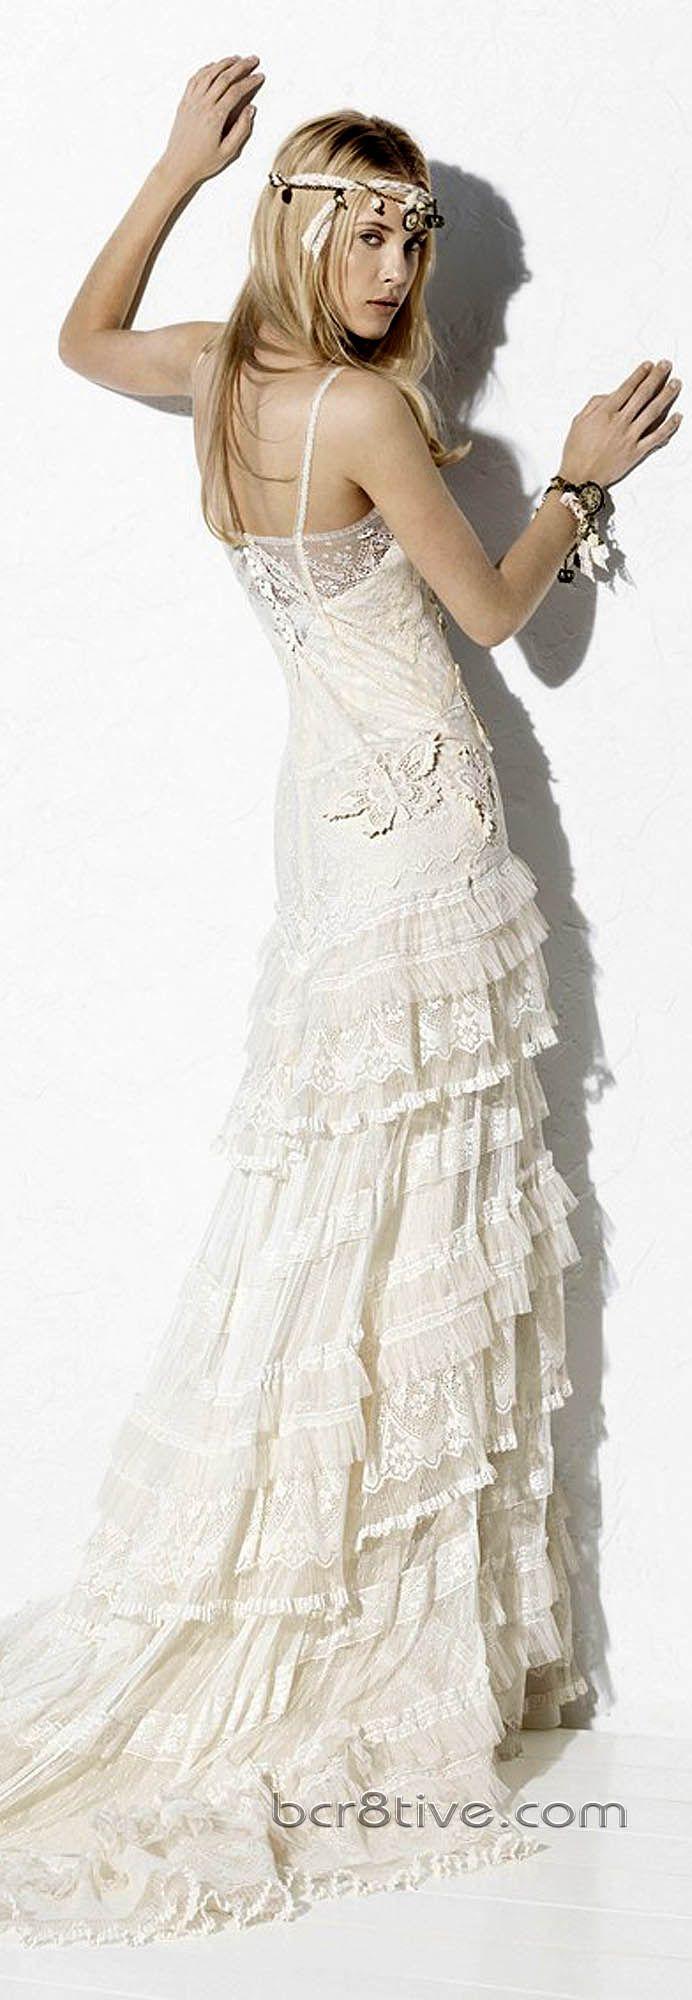 Ronald joyce lace wedding dress september 2018  best wedding images on Pinterest  Weddings Bridal bouquets and
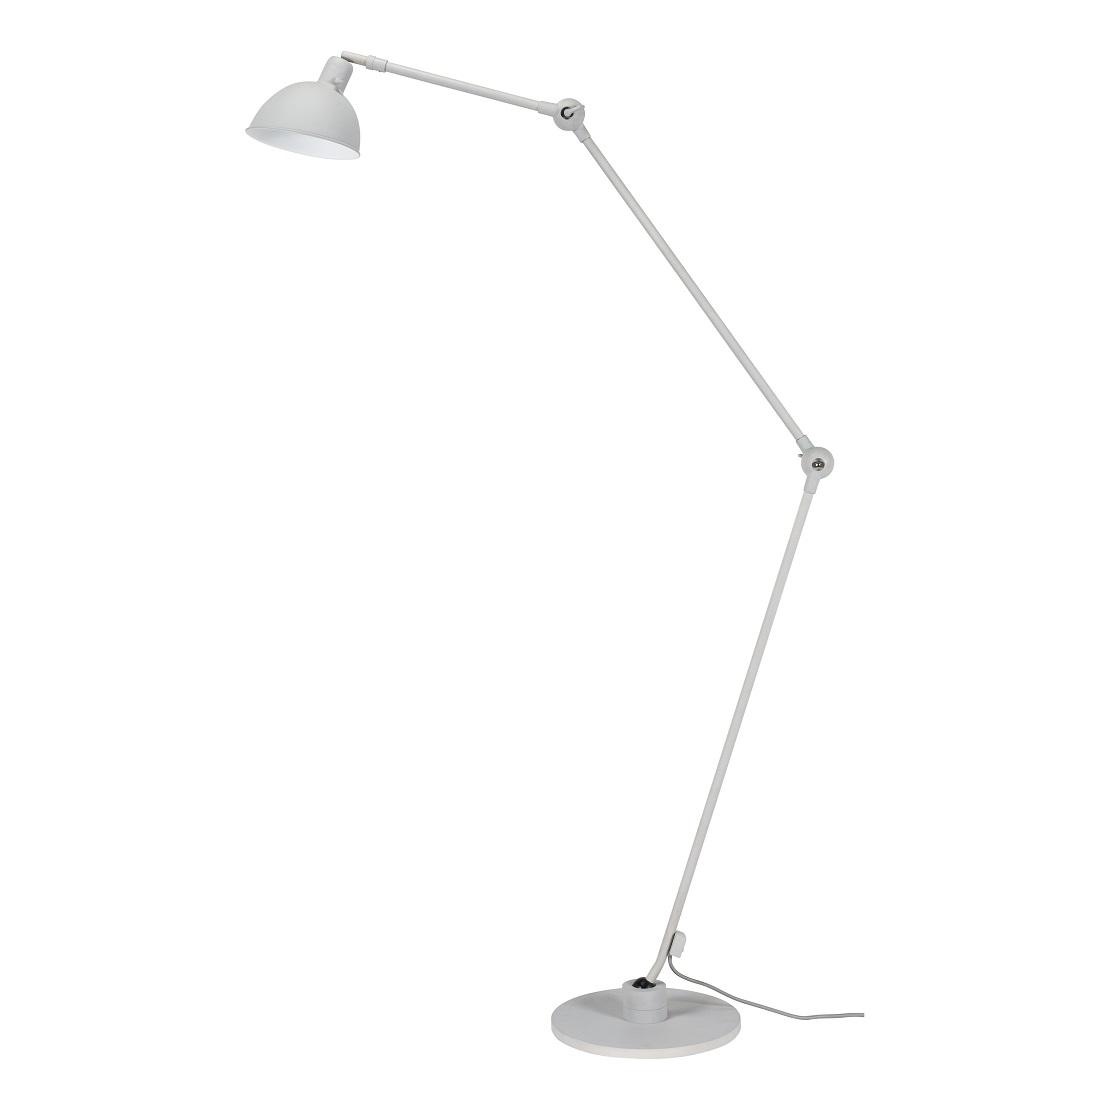 Bodilson Dixie vloerlamp-Licht grijs
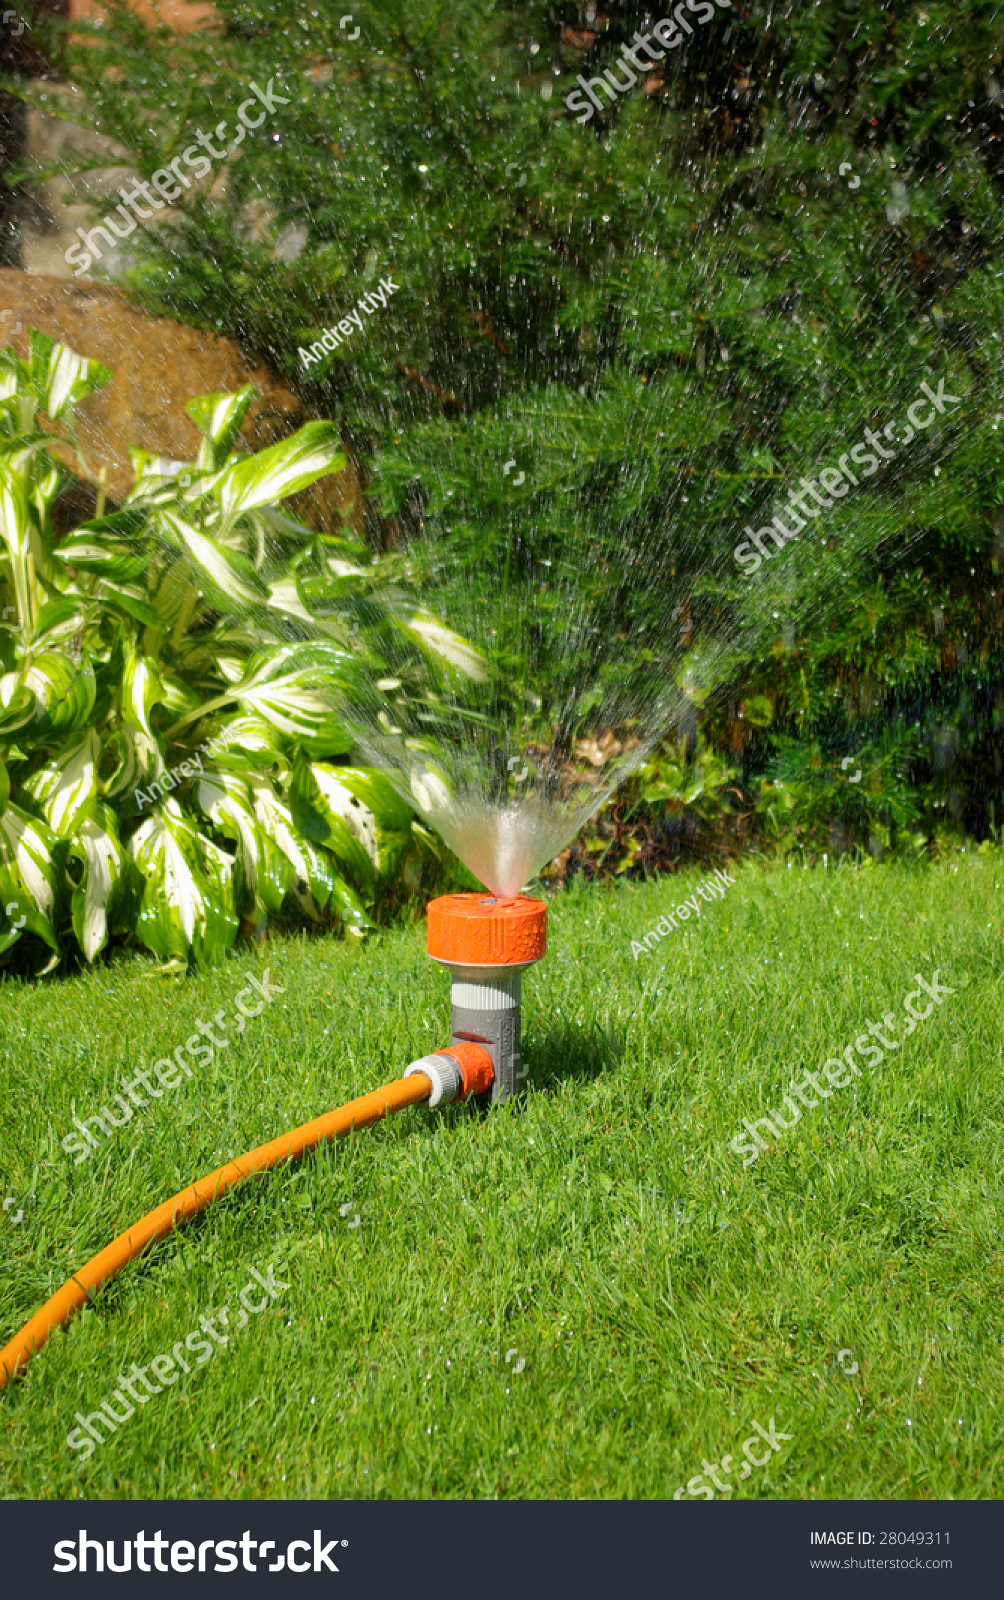 Backyard Garden Irrigation : Yellow sprinkler watering the backyard garden stock photo
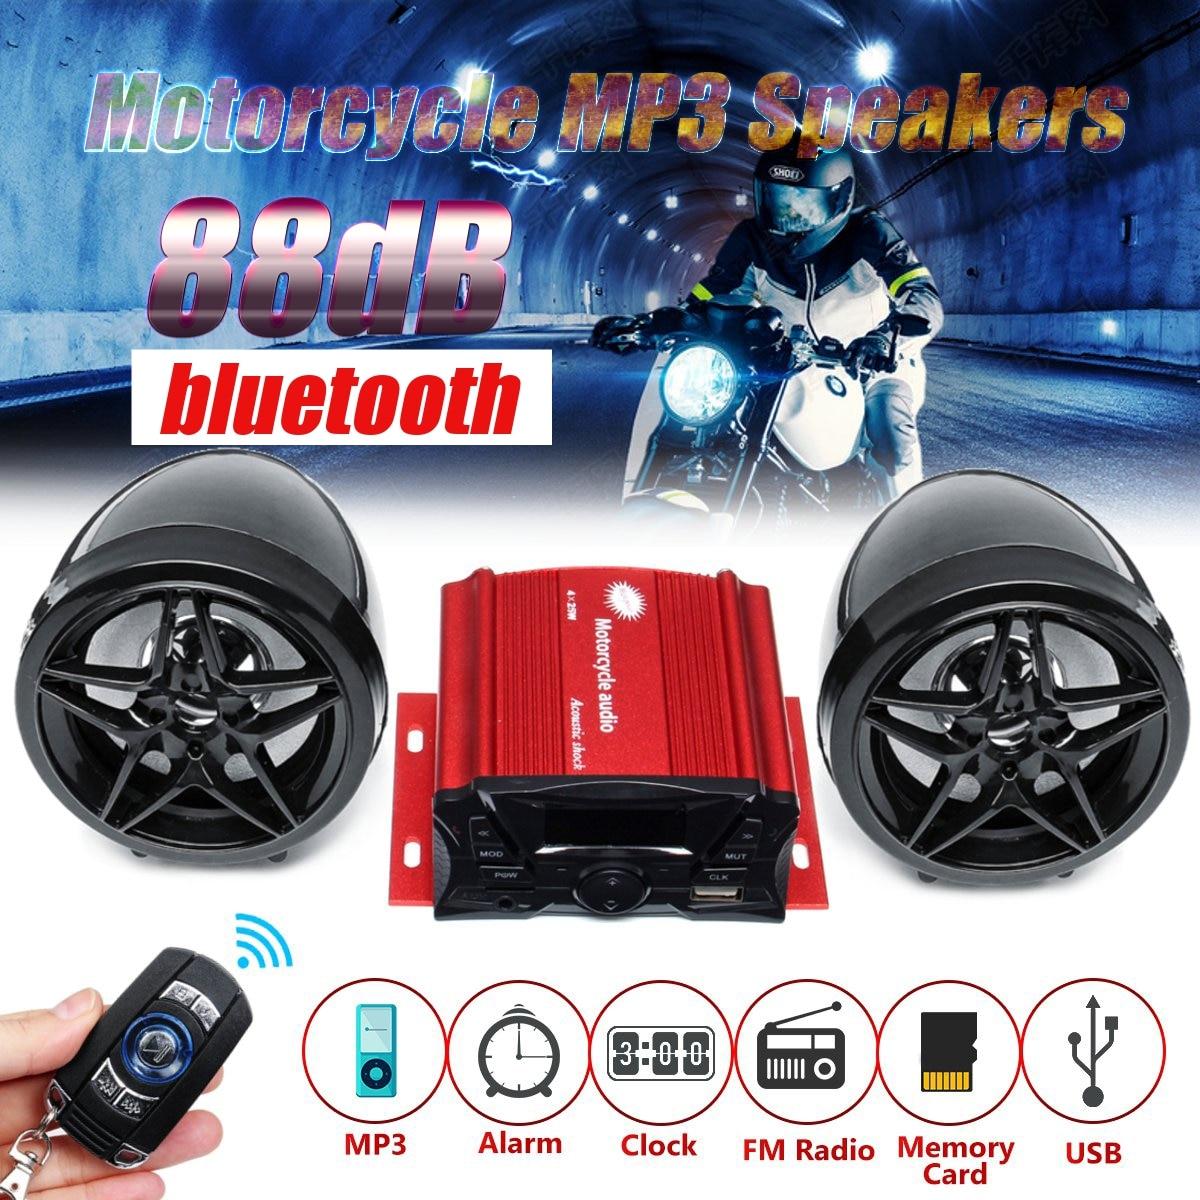 Anti-theft 88dB Motorcycle Audio MP3 Player Wireless Remote Control Alarm Clock FM USB Bluetooth Speaker Music Player
____
• DESCRIPTION OF THE TASK: Where a picture appears, skip it and copy the rest of the data word for word.

• SOLUTION TO THIS TASK:
 Ronald joyce lace wedding dress september 2018  best wedding images on Pinterest  Weddings Bridal bouquets and
 Bodilson Dixie vloerlamp-Licht grijs
 Backyard Garden Irrigation : Yellow sprinkler watering the backyard garden stock photo
 Anti-theft 88dB Motorcycle Audio MP3 Player Wireless Remote Control Alarm Clock FM USB Bluetooth Speaker Music Player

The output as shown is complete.